Due to Santa Clara’s General Plan not being approved by the HCD, the developer has an alternative option to file another application using an older “Builders Remedy ” law if the current project is denied. This law is older and has only recently been tested by developers within the state. I have not been able to find many cases where the application was denied and/or approved, most look like they “settle” with the jurisdiction (Santa Monica just had 13 of 16 settled). The law still requires a minimum of 20% “lower income” units to apply which is a significant benefit to the city as an offset for the additional density being requested.

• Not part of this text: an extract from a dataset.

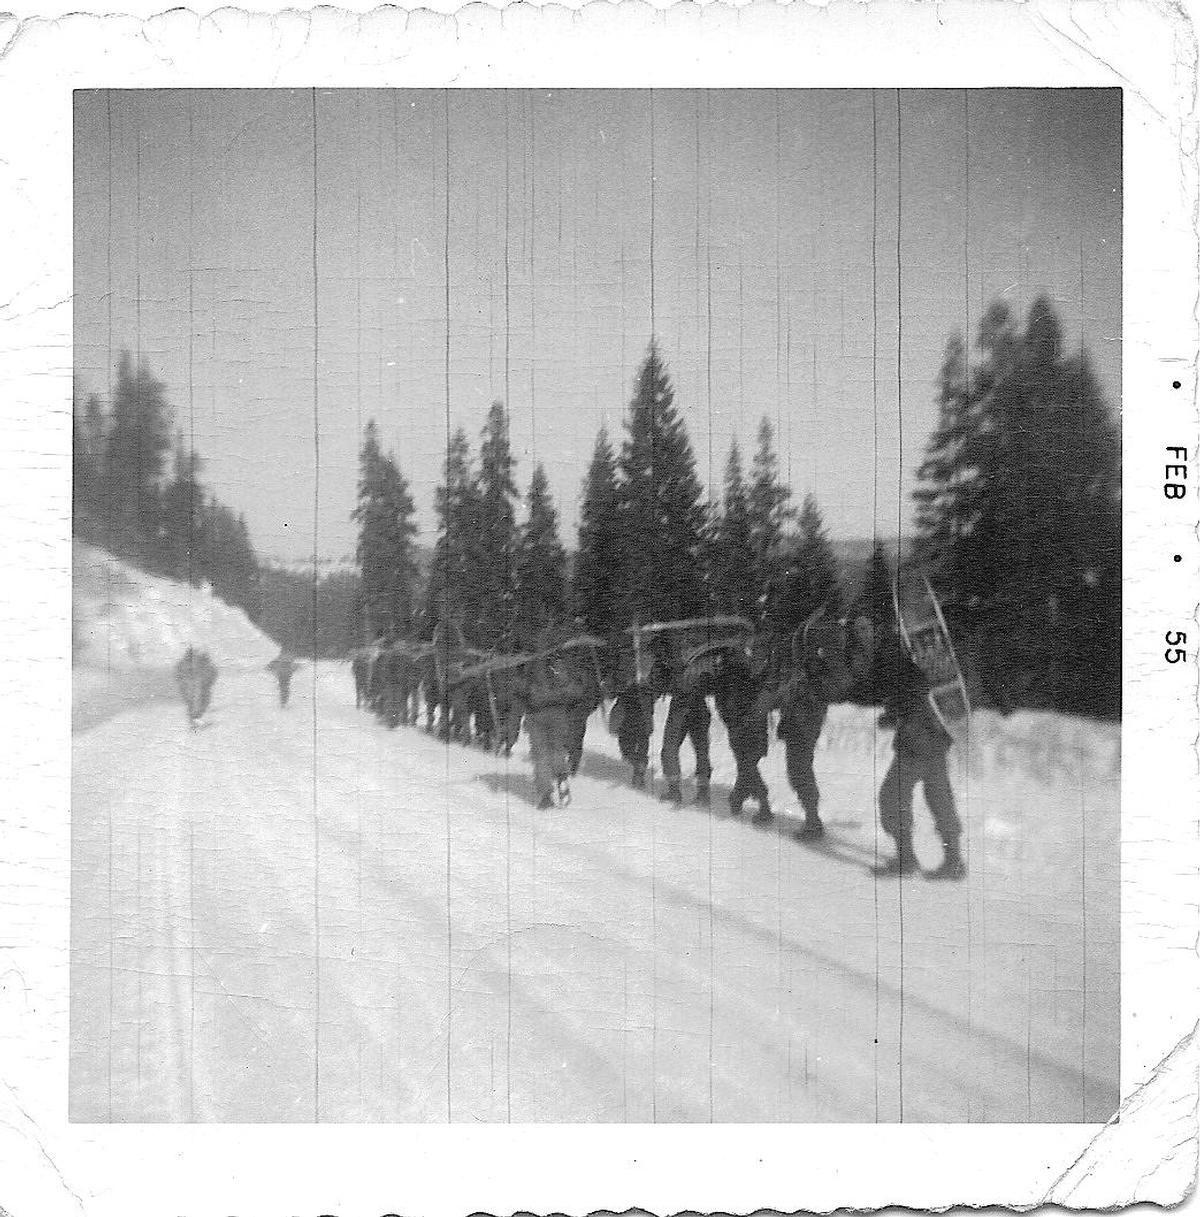 Combat Survival Training, Stead AFB, 195455. Strategic

In summary the city council is not required to approve a General Plan amendment and there is no law currently directing them to do so. The state law provides two alternative application processes to apply for addition density by including more or lower BMR units in the submitted project. It makes you wonder why council would even consider the plan in front of them, knowing that with either option would result in more BRM stock in the city.
Furthermore the Wells Fargo property on the corner is for sale and contingent, I would not be surprised if the developer/applicant or agent has the property contingent on this General Plan being approved. It will have an immediate effect on the value and rights of what will be able to be built at that site.
There is a lot more history and information available but the main issue is the General Plan amendment that the developer/applicant is asking for that will have a much further reach than one poorly designed building. I am available to meet to review as needed, thank you again for your time and consideration of the matter.